Shu Qi in a scene from<em> The Assassin</em>.
Courtesy of SpotFilms
Shu Qi in a scene from The Assassin.

The Assassin, a gorgeous new work by Taiwanese filmmaker Hou Hsiao-Hsien, is a martial arts film influenced by Hong Kong wu xia films and short novels based on early Chinese legend. The movie, which won Best Director at this year's Cannes Film Festival, has a few short, sharp fight sequences involving knives with a vicious curve to them. But it won't surprise anyone familiar with Hou's oeuvre that he invites us to slow down, to watch and listen to what goes on, and doesn't, in between. Or that the titular killer is a woman, though the nastiest of her adversaries can expect no mercy on that account.

Played with serene self-possession by Hou regular Shu Qi — whose full lips, hard stare and lithe stride carry echoes of Angelina Jolie — Nie Yinniang was abducted as a child from the unruly Chinese province of Weibo and trained to kill by a nun (Sheu Fang-Yi) who doubles as a warrior princess and quite possibly an agent of the Empire.
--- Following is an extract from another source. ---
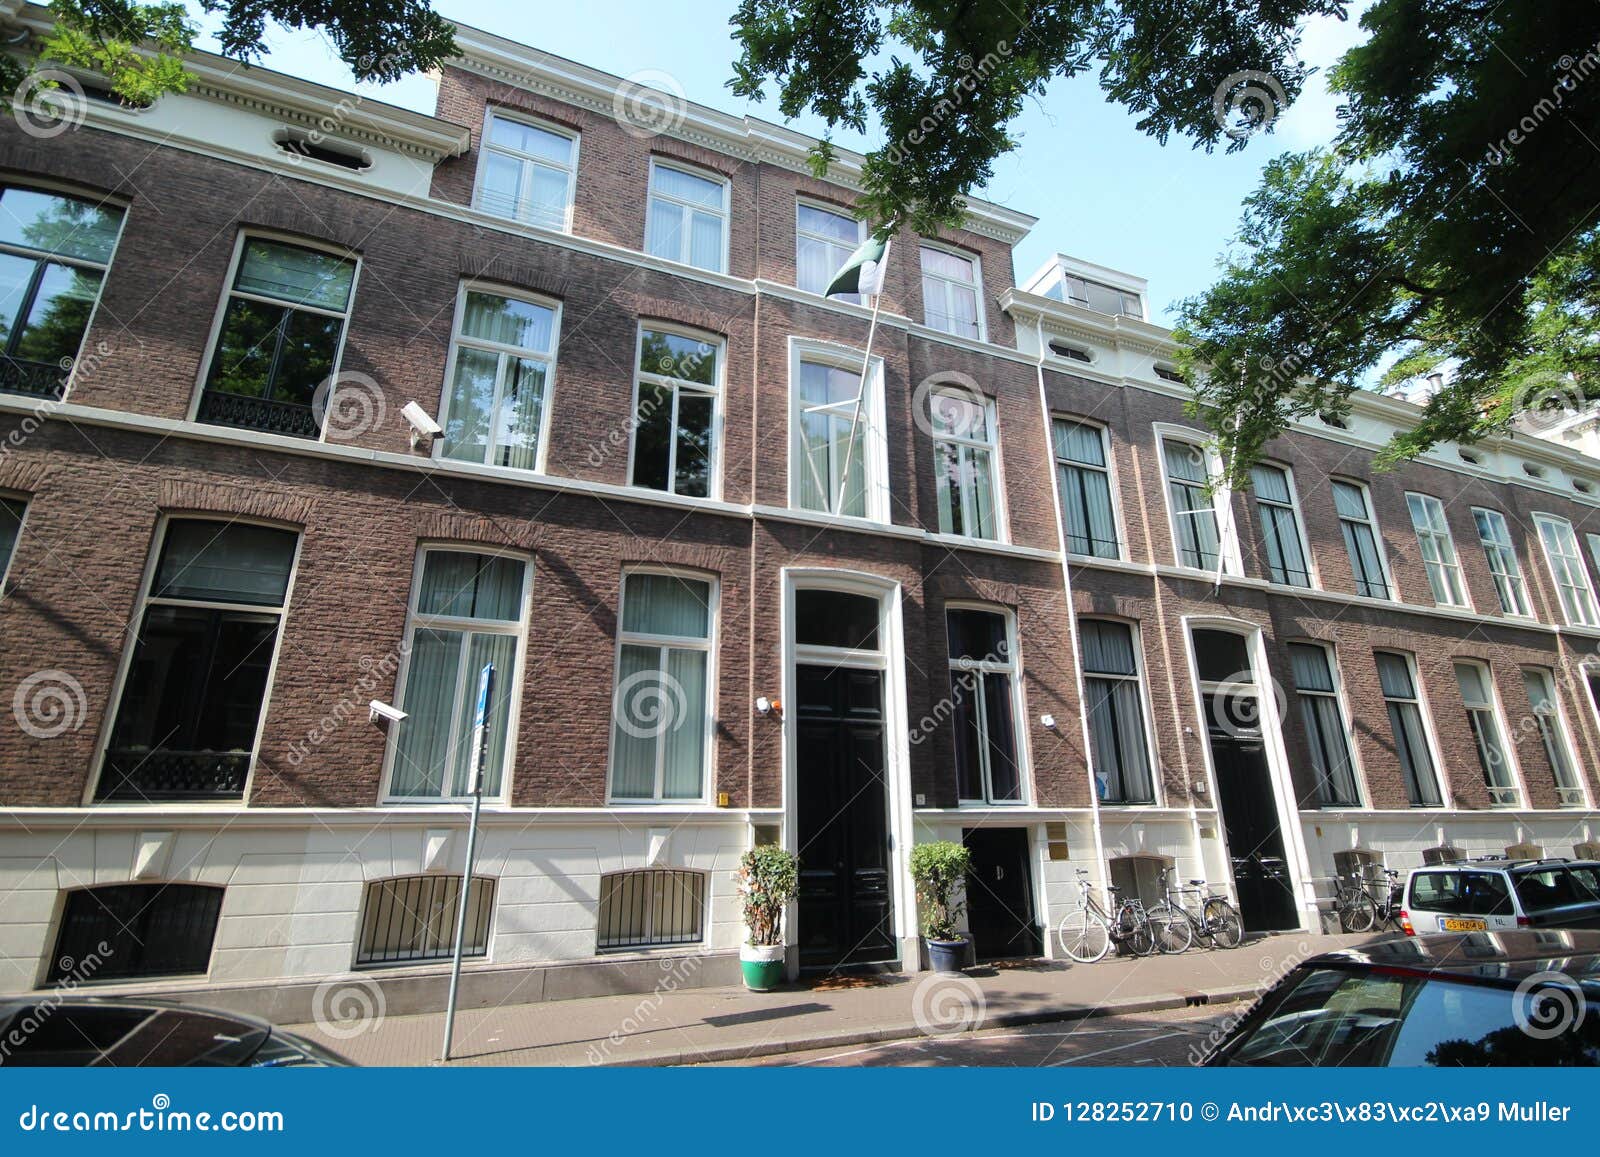 of Pakistan in City of the Hague Where All Diplomats are Working in the Netherlands. Editorial Image - Image of residential, diplomat: 128252710

We see early on that Yinniang excels at her job, but once she's under orders to return to Weibo and take out its governor Tian Ji'an (Chang), it soon becomes apparent that she's not fully committed to its rough justice, not least because the two were once betrothed.

Set in the ninth century, The Assassin is a legend, complete with curses and a bird allegory that unlocks the source of Yinniang's inner tumult. Yet the tale is told in realist language, with fervent attention to period rituals of eating, drinking, and bathing, and is opulently costumed in red and deep rose with touches of mint green. Of the women, only Yinniang appears in business attire, all in black with soft trousers that allow her to whirl around and stalk her hapless prey on rooftops, in forests of silver birch, in ornately upholstered palaces. The other women glide around like dolls, speaking their lines with ceremonial formality. Yinniang gets to move, and that is the source of her power, and her palpable unease.
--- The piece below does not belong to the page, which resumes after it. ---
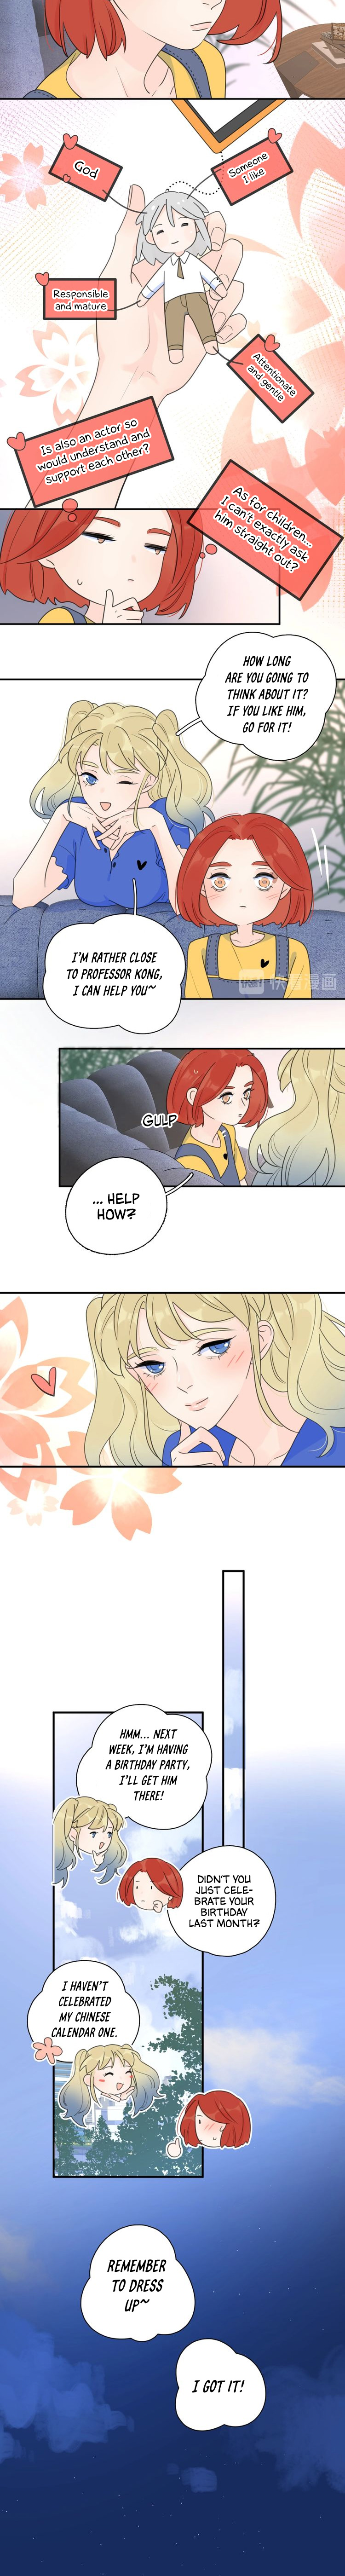 The Looks Of Love: The Heart Has Its Reasons - Page 3

If you haven't seen any of Hou's films (I recommend starting with his brilliant 1989 political drama A City of Sadness), the progression from one seemingly unedited scene to the next can seem slow, even static. Between the lines of the interior long shots that Hou favors (except, perhaps, in the impish Flight of the Red Balloon, his only film shot in the West, with Juliette Binoche in the lead), a complicated political economy of long-repressed feeling is at work that deepens without fanfare into repressed political conflict. Will Yinniang follow orders and carry out the harsh retributive justice embedded in her job description, or obey the ties of love, blood and family that draw her back home?
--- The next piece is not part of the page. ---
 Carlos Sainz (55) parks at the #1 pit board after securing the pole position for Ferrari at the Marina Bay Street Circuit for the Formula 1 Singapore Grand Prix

There's a way to read her choice as a rebuke to all the woman warriors currently rampaging through Hollywood's movie franchises, as if feminism were a matter of doing what the boys do, only more so. The most tacit and elliptical of filmmakers, Hou would never say so. The nearest thing to exposition in The Assassin comes in a black-and-white prologue that shows who and what shaped Yinniang into a toxic avenger. Like many of his films, The Assassin may be said to pursue an underground obsession with Taiwan's tortured relationship to the mainland that, on and off, has dominated it for centuries. You don't need any of this to fall in love and abandon yourself to the movie's exquisite landscapes, at once serene and melodramatic, revel in Hou's stealthy cutaways to quivering blossoms, or listen to the birdsong and the wind ruffling trees that counterpoint the bloodshed. With and without allegory, to watch The Assassin is to be carried along in the river of life, in all its ecstasy and terror.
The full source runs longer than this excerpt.